(Reuters) - 3M Co MMM.N on Tuesday struck a deal to boost its presence in worker protection gear by buying Capital Safety from private equity firm KKR & Co KKR.N for $1.8 billion, the U.S. diversified manufacturer’s largest-ever purchase.
The transaction moves 3M Chief Executive Officer Inge Thulin closer to 3M's five-year goal of $5 billion to $10 billion in acquisitions through 2017. It also comes as other industrial companies, such as Honeywell International Inc HON.N and United Technologies Corp UTX.N, are scouring for deals.
“We have been looking for 3M to step up its acquisition activity,” Edward Jones analyst Matt Arnold said. “The company has done a lot in the past few years to really get its house in shape in terms of margins, and now it’s time to deploy its capital to grow.”

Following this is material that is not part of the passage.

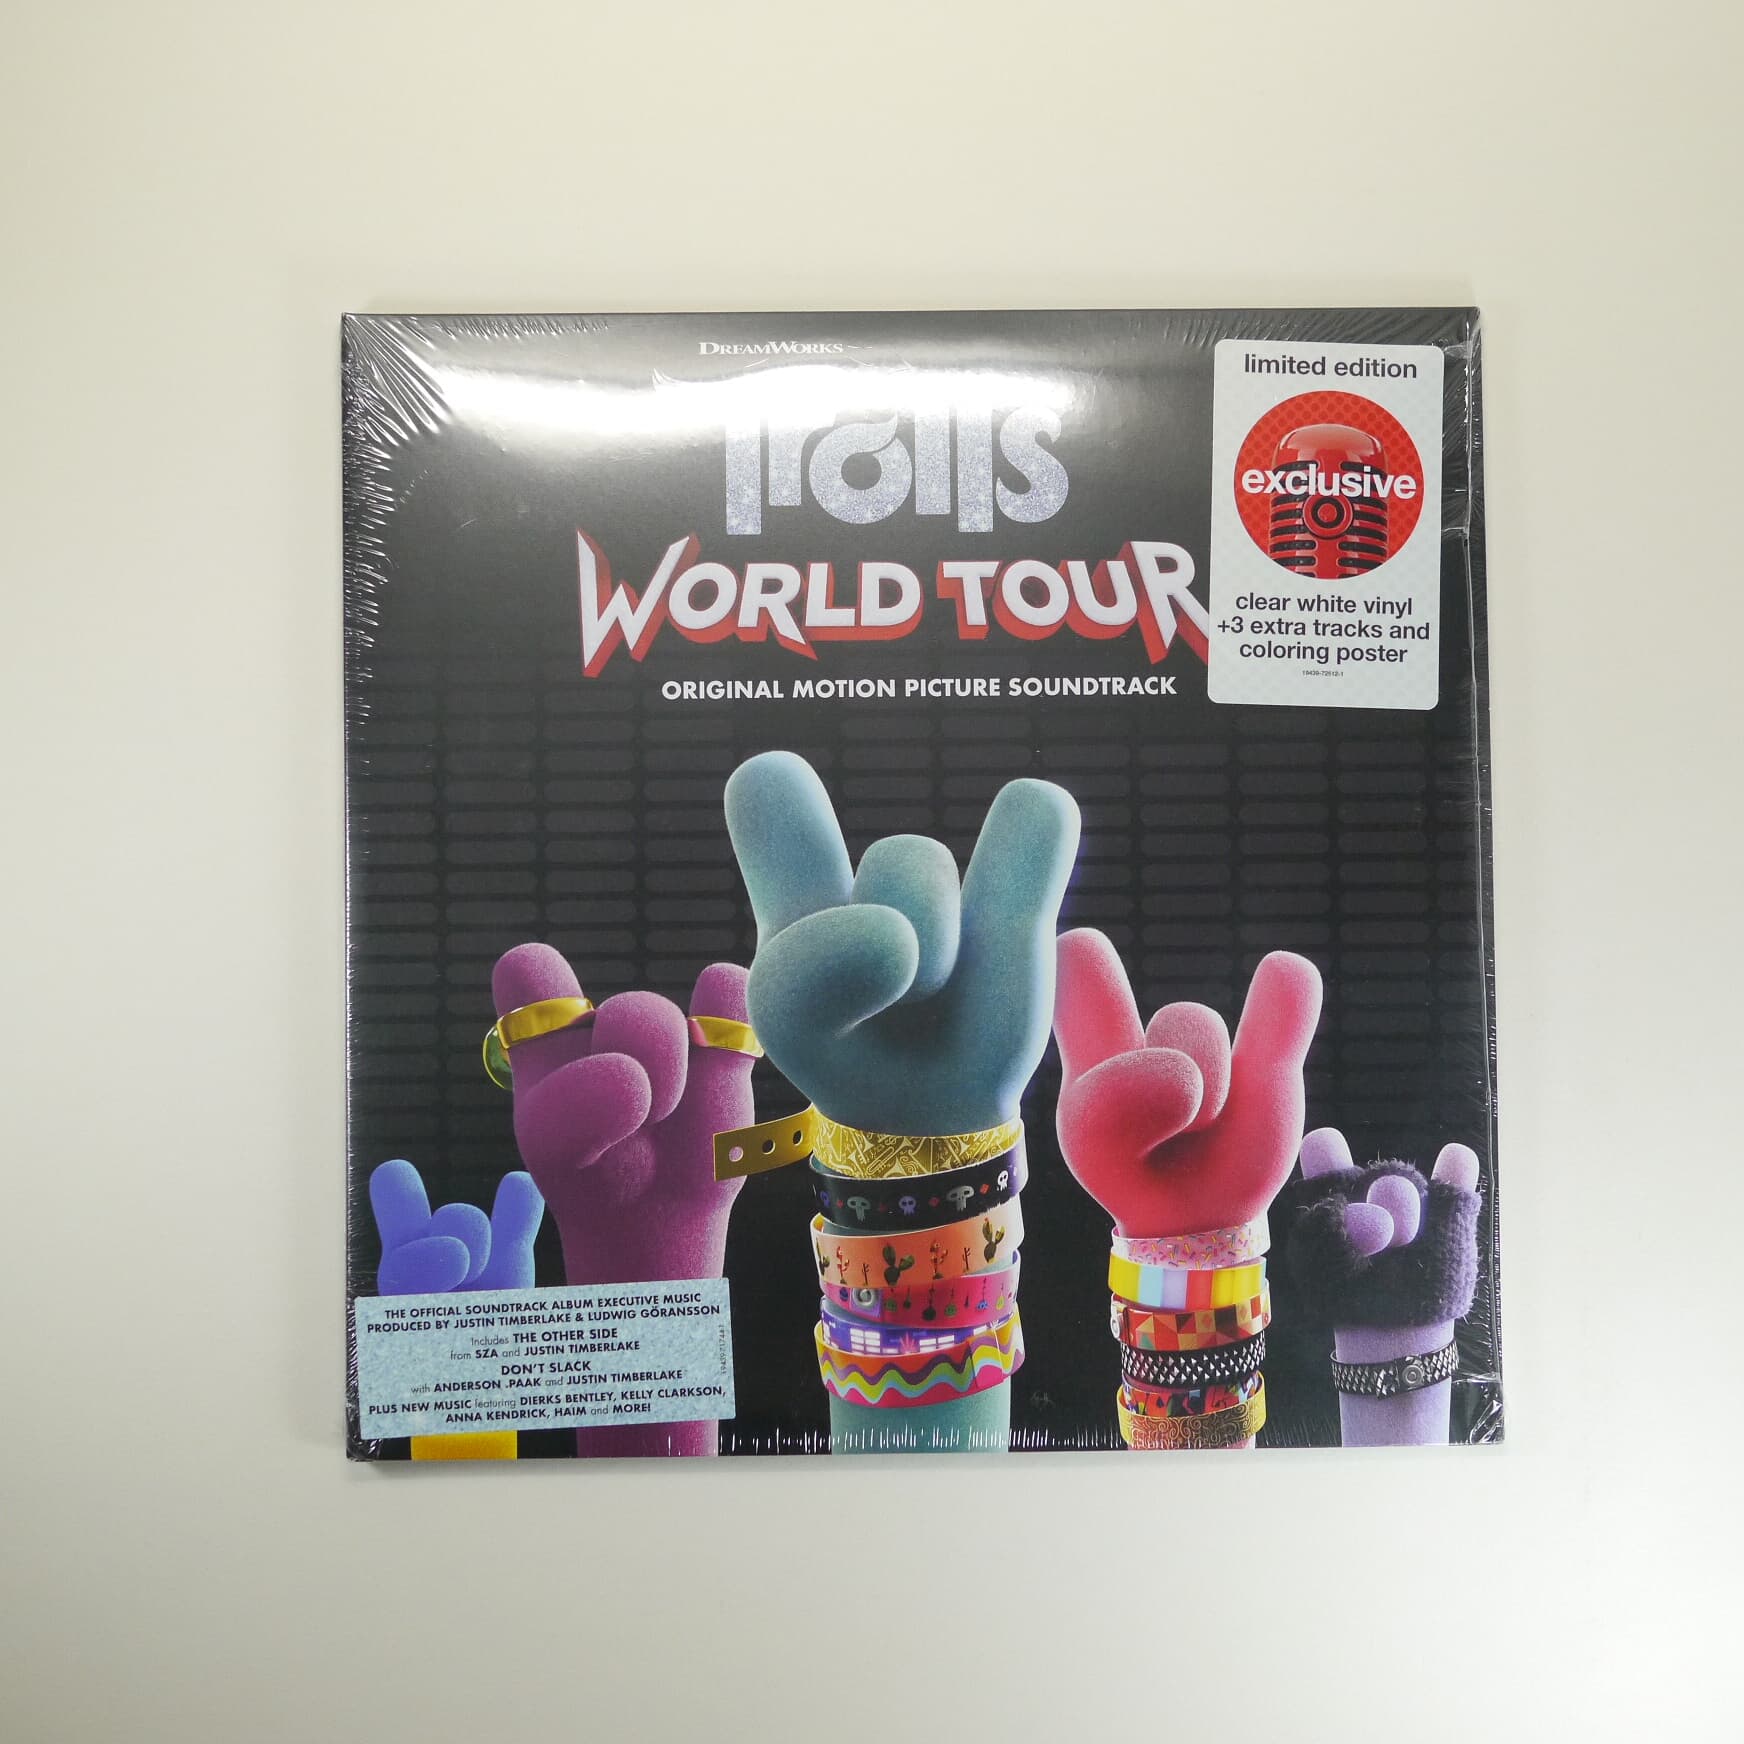 트롤: 월드 투어 영화음악 (Trolls World Tour  Original Motion Picture Soundtrack)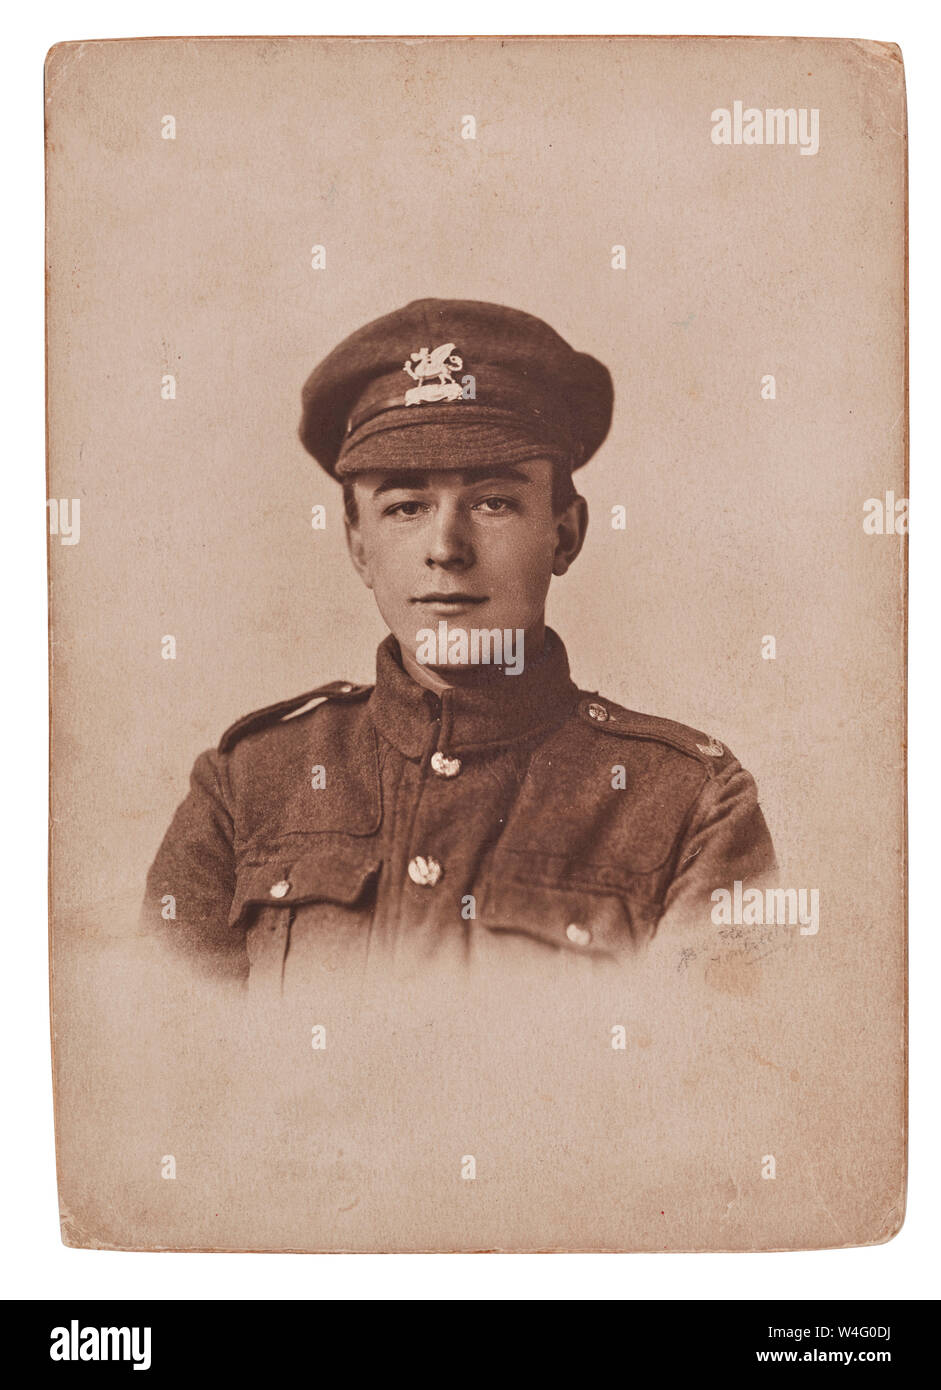 Portrait de soldat de la première guerre mondiale Richard Henry Cooper éventuellement prises à Tonbridge vers 1914 Banque D'Images

Capital Safety sells harnesses, lanyards and other gear for workers in construction, mining and other industrial sectors. It stands to expand 3M’s personal safety business, which includes respirators, protective eyewear and safety apparel.
3M, which also makes Post-it notes and Scotch tape along with a variety of adhesives, films and abrasives, pointed to rapidly growing demand for protective gear fueled by increasing worker-safety regulations globally.
The personal protective equipment market is more than $25 billion globally, and growing by 3 percent to 4 percent a year, according to 3M. The market for fall-protection gear that involves Capital Safety’s products is $1.6 billion, but rising by 5 percent or more.
St. Paul, Minnesota-based 3M put the Capital Safety deal’s value at $2.5 billion, including about $700 million in net debt. Headquartered in nearby Bloomington with about 1,500 employees, Capital Safety recorded $430 million in sales in its latest fiscal year and has increased revenue by 10 percent a year on average over the past four years, according to 3M.
That growth rate made the deal more palatable to some analysts, who deemed the purchase price expensive at 14 times annual earnings before interest, taxes, depreciation and amortization.
Morningstar analyst Barbara Noverini said the deal was a good strategic fit, in part because of 3M’s potential to use its technologies to improve Capital Safety’s products, such as by adding reflective webbing to a safety harness.
Under KKR, Capital Safety expanded internationally, with new manufacturing and training facilities in China. It quadrupled its business in Brazil and grew its business revenue in the Middle East and Africa by more than 80 percent.
“Inge Thulin and I have been talking for a while, we had dinner in New York, we agreed to do it fast, and that was it,” Pete Stavros, the head of KKR’s industrials investment team, told Reuters. “It shows you he has a strategic mindset, he decided to fill out 3M’s line in safety products with a global leader.”
KKR stands to make three times its $615 million equity investment in Capital Safety, according to a person familiar with the matter who asked not to be identified discussing confidential information.
3M expects the deal to close in the third quarter and for it to add 12 cents to earnings per share in the first year, when excluding purchase accounting adjustments and one-time costs.
Analysts on average expect 2015 earnings of $7.93 per share on $31.1 billion in sales for 3M, according to Thomson Reuters I/B/E/S.
Until now, 3M’s biggest deal was the roughly $1.35 billion purchase of filtration company Cuno 10 years ago, a company spokeswoman said.